====== Given information ======

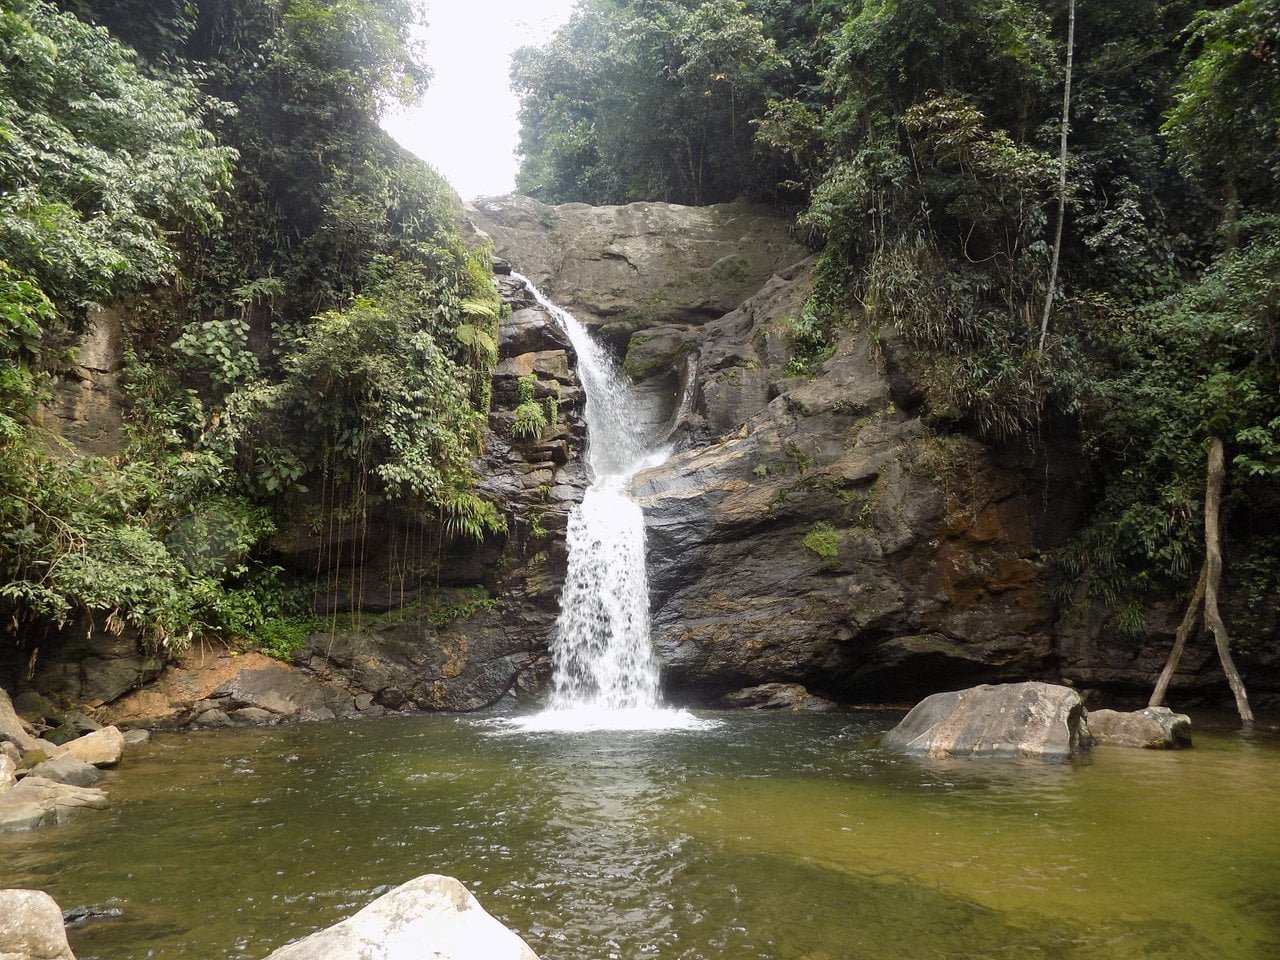 cachoeira da terceira - cachoeiras de macacu (rj)
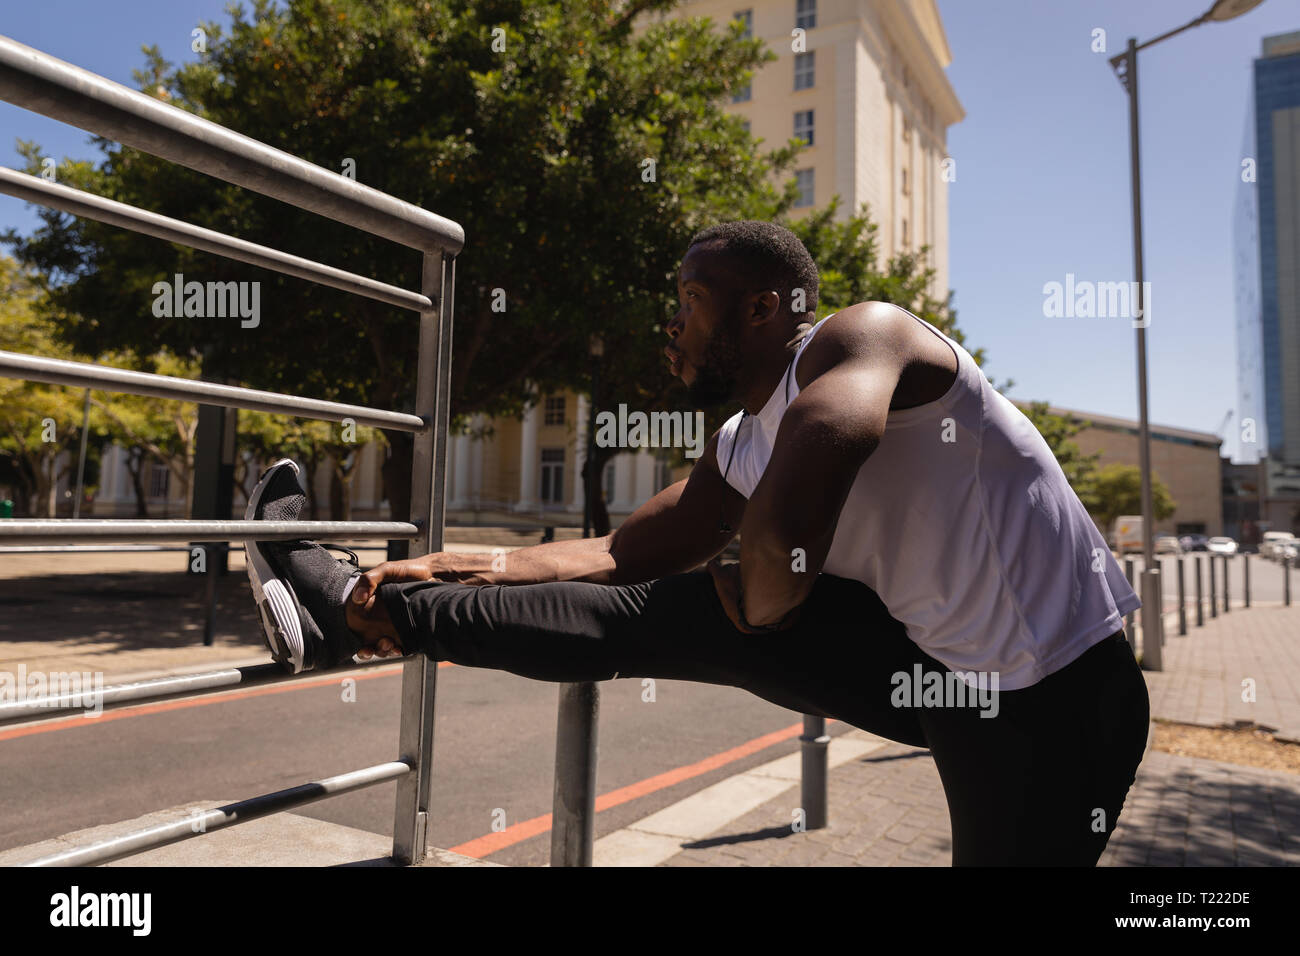 Mann zu tun Stretching übung gegen Geländer Stockfoto
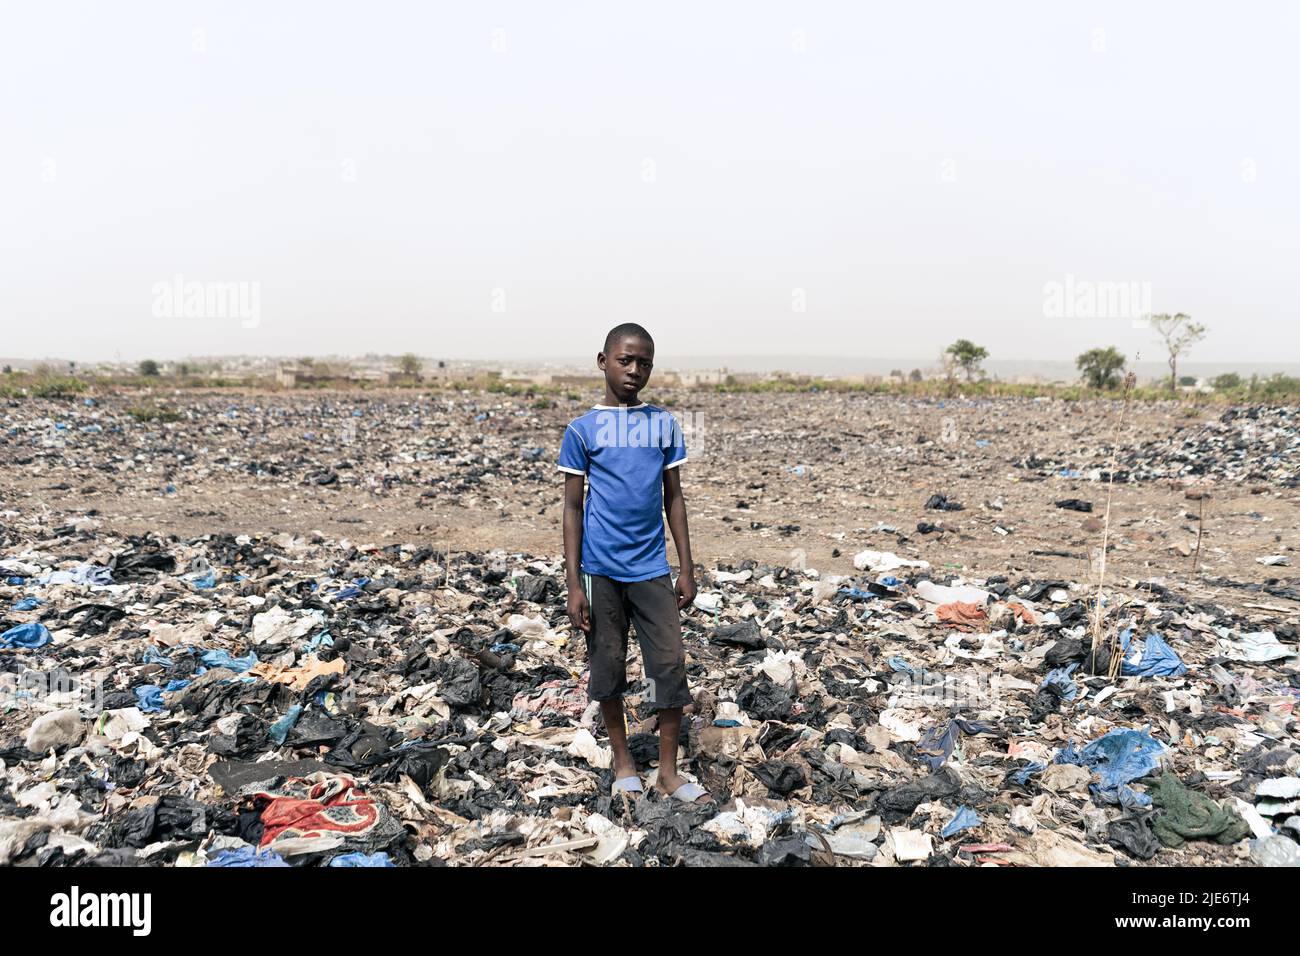 Kleiner afrikanischer Junge, der auf einem mit Müll bedeckten Feld steht; Misswirtschaft bei Abfällen in Entwicklungsländern Stockfoto
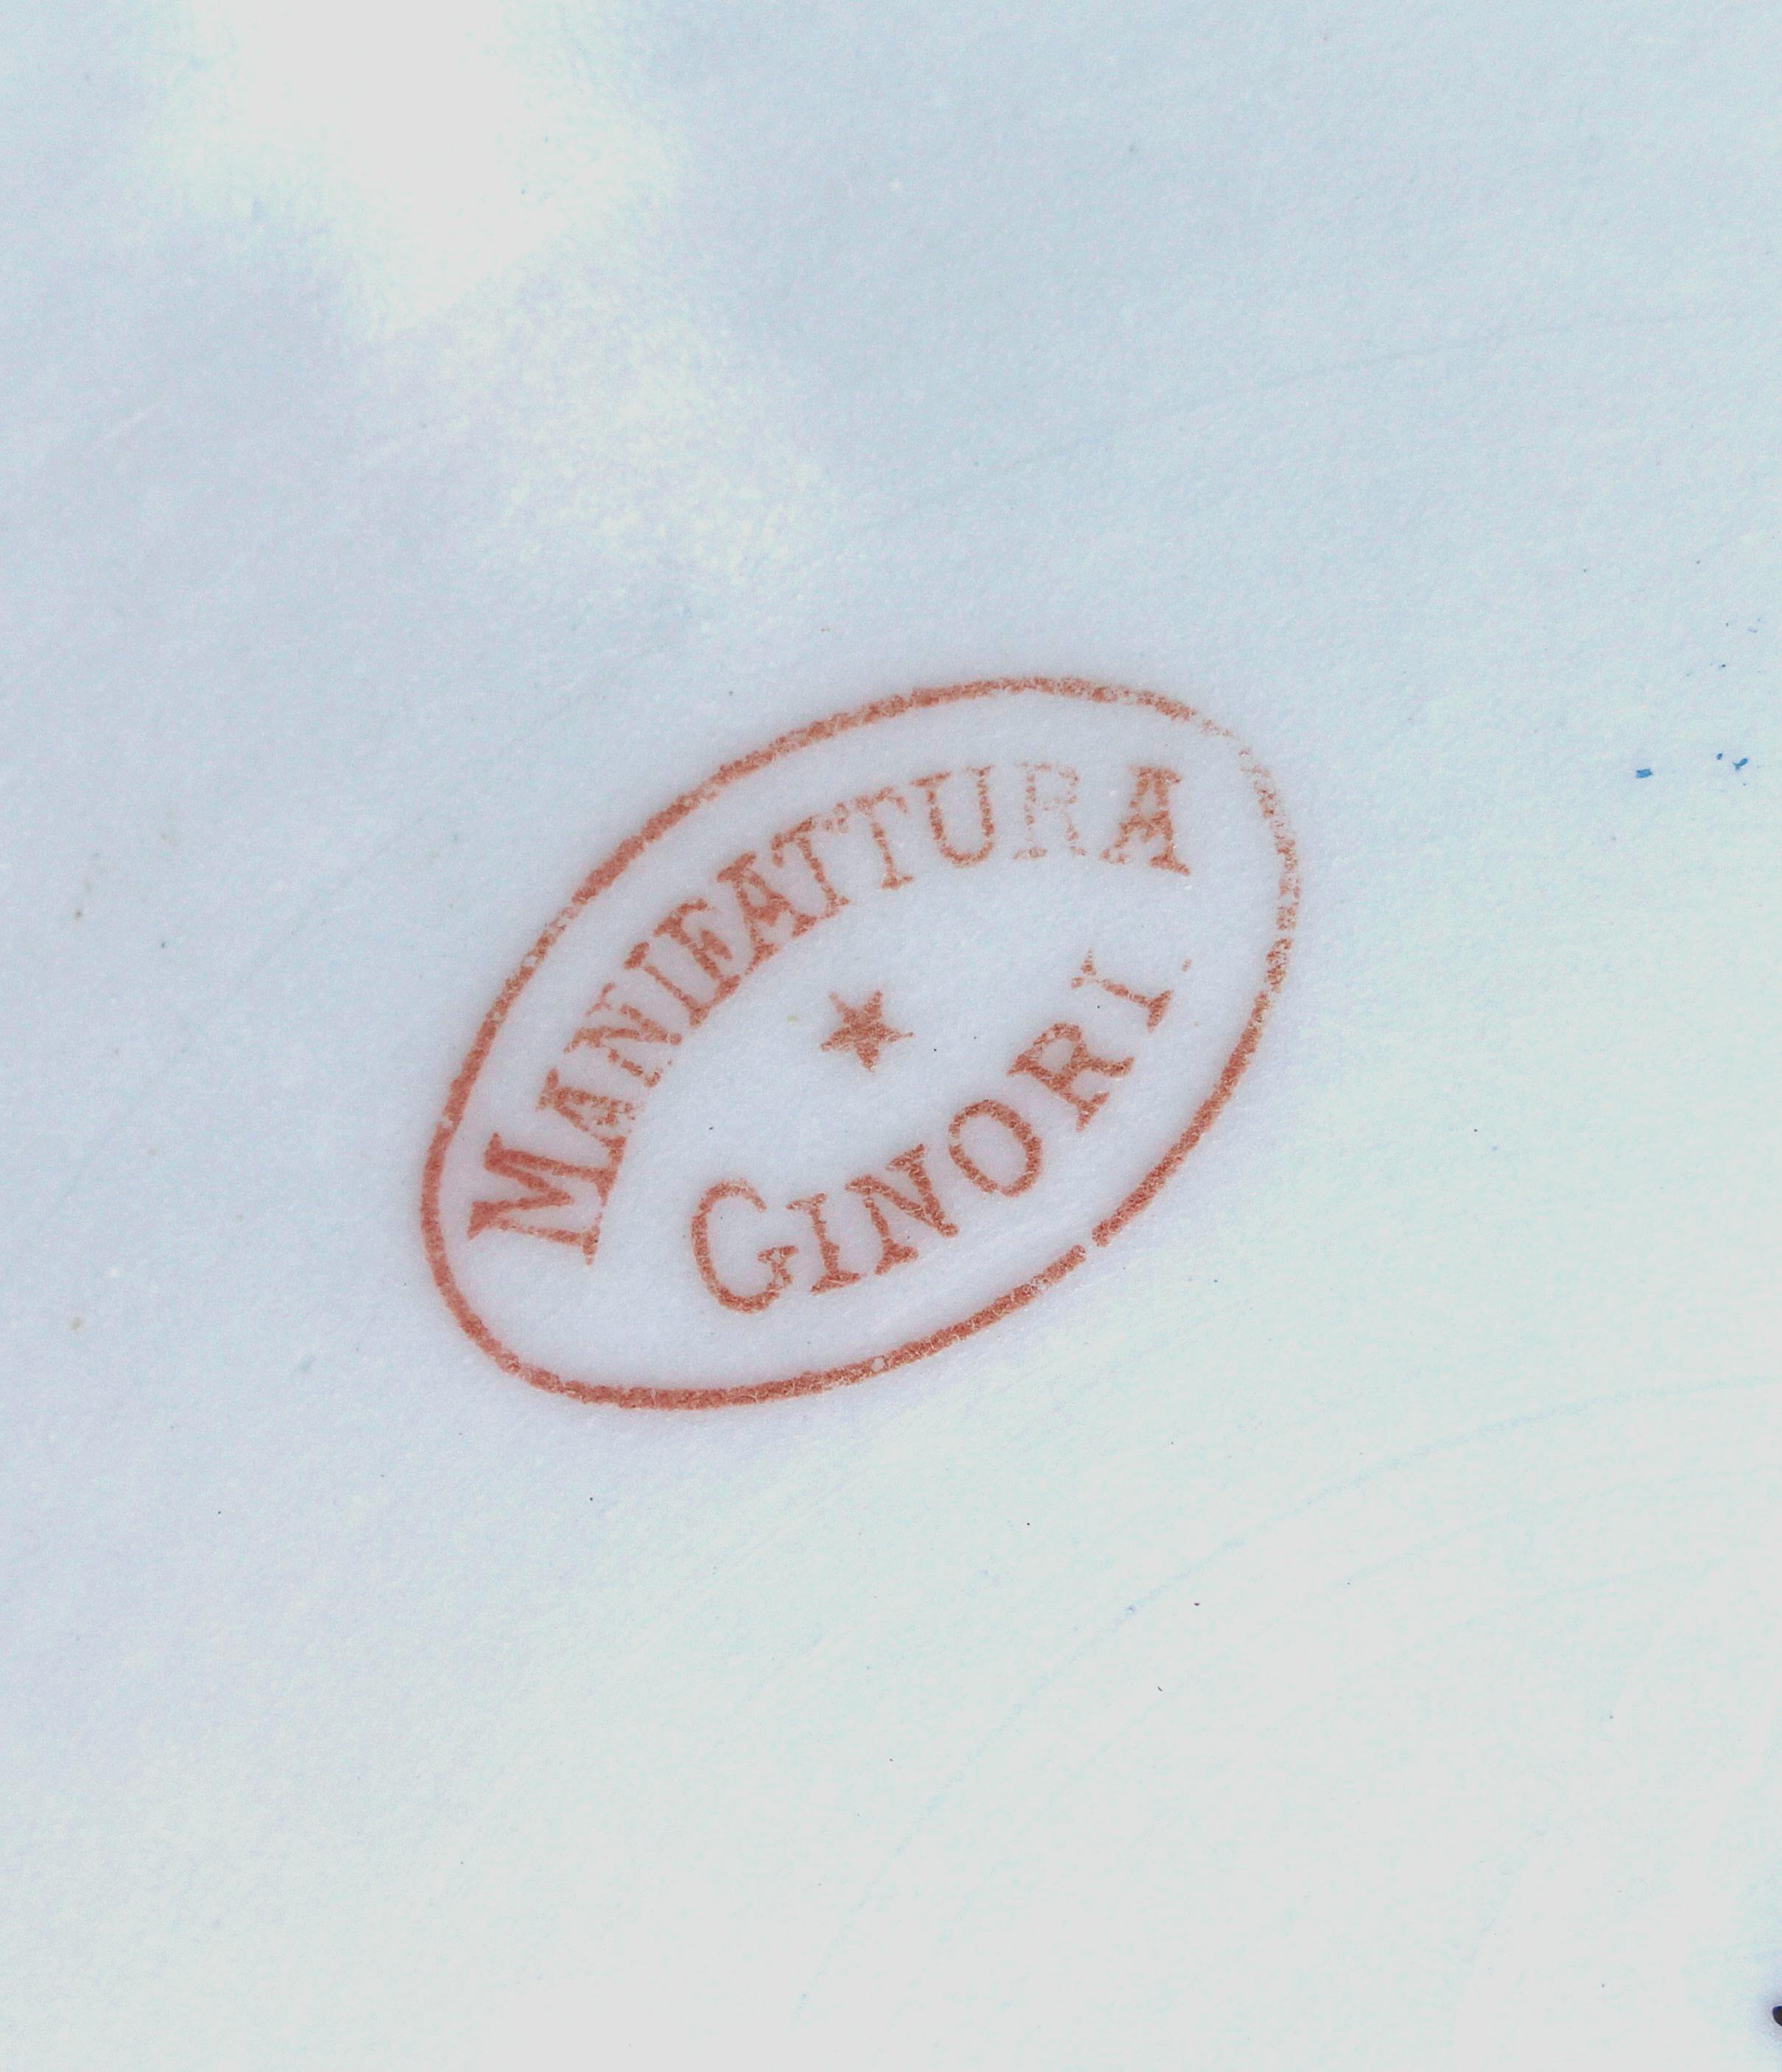 Ovale rosso con scritta Manifattura Ginori in stampatello

======

## Task brief
The task requires the full listing to be given again verbatim, without its pictures.

## Answer box
 cachoeira da terceira - cachoeiras de macacu (rj)
 Mann zu tun Stretching übung gegen Geländer Stockfoto
 Kleiner afrikanischer Junge, der auf einem mit Müll bedeckten Feld steht; Misswirtschaft bei Abfällen in Entwicklungsländern Stockfoto
 Ovale rosso con scritta Manifattura Ginori in stampatello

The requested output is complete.